Affiliations: [a] “Polyclinic” General Hospital, 3 Pireos Ave., Omonia Sq., 10552 Athens, Greece. e-mail: firstname.lastname@example.org
| [b] Department of Nutrition and Dietetics, Harokopio University of Athens, Athens, Greece | [c] Roche Diagnostics (Hellas) SA, Athens, Greece | [d] “Evangelismos”, General Hospital Athens, Athens, Greece
Abstract: Studying dietary patterns and its relation to the development of various chronic diseases have received much interest during the past years, since they capture a holistic approach of true diet. Haptoglobin (Hp) has been associated with cardiovascular heart disease risk especially with acute myocardial infarction, coronary and peripheral artery disease, stroke, and heart failure.
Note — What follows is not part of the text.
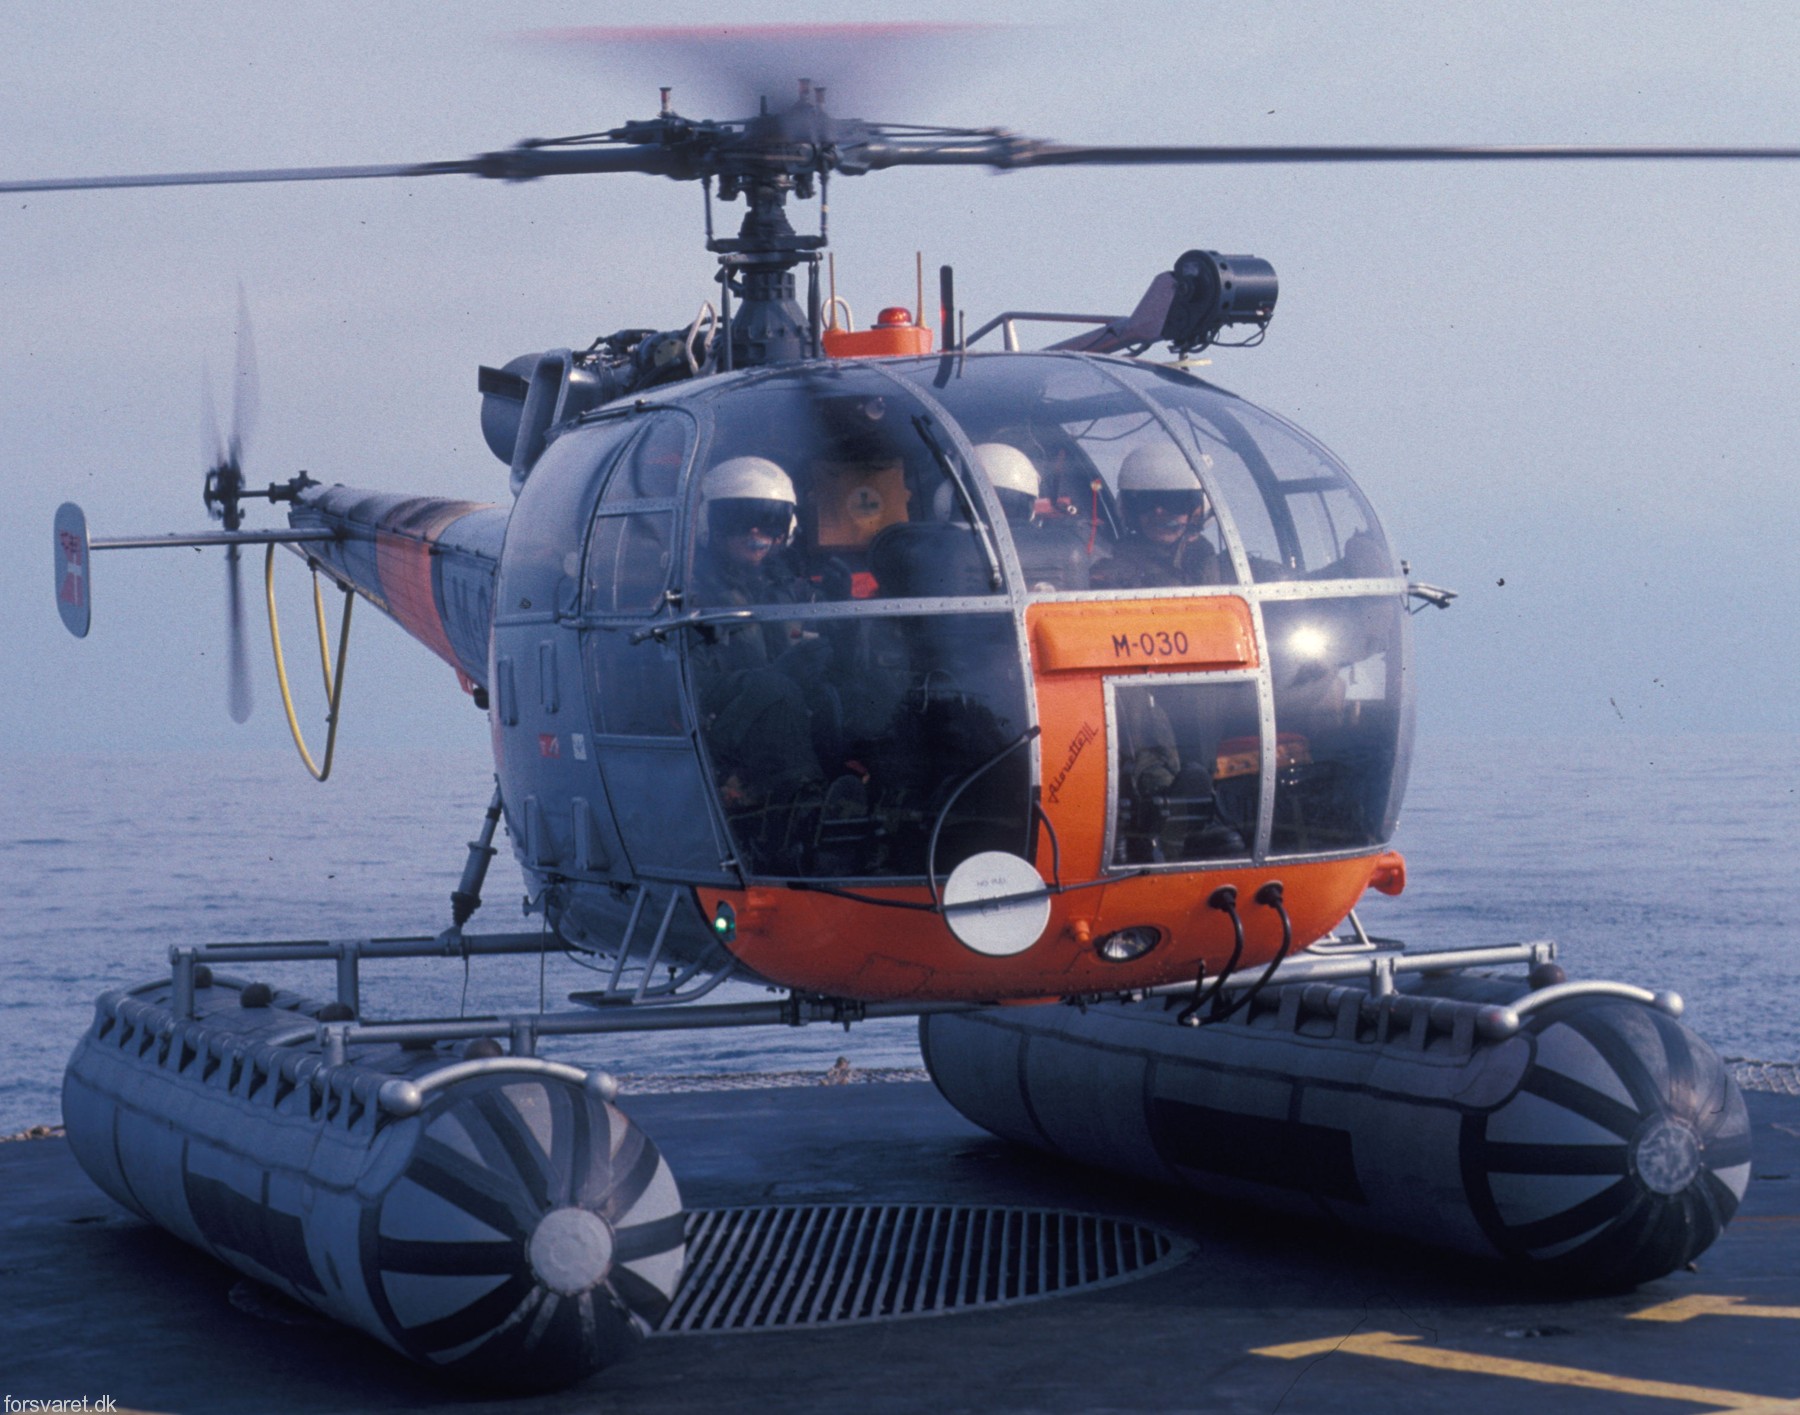 sa 316b alouette iii helicopter royal danish navy søværnet kongelige danske marine sud aviation m-030 04

This study aimed to evaluate the relationship between dietary patterns and Hp blood levels among apparently healthy adults. During 2009, 490 volunteers (46 ± 16 years, 40 % male) were consecutively enrolled to the study (participation rate 85 %). Biochemical analyses were performed through established procedures, after 12 h fasting. Anthropometric, lifestyle and dietary characteristics were also recorded to account for potential confounders. Principal components analysis (PCA) was the data-driven technique to extract the dietary patterns. Pattern analysis revealed eight dietary patterns through the application of PCA; however, four of them were considered nutritionally important as they explained 35 % of total variance in food consumption (“Western diet”, “Mediterranean diet”, “Meat and bakery products” and “Alcohol and stimulants pattern”). The fourth pattern (alcohol and stimulants intake) has been characterised by intake of alcoholic drinks (wine, beer, and spirits) and stimulants (coffee and tea). Adherence to the latter pattern was associated with reduced Hp levels (b ± SE −5.9 ± 2.7, p = 0.03), adjusted for age, sex, body mass index, physical activity, and smoking habits. However, multi-adjusted analysis revealed that the individual effect of alcohol or stimulants on lowering Hp levels was not significant (p = 0.27 and p = 0.05, respectively). Moderate drinking of alcoholic drinks and stimulants seems to be associated with lower haptoglobin levels, suggesting another potential mechanism for the health benefits achieved through alcohol and stimulants drinking.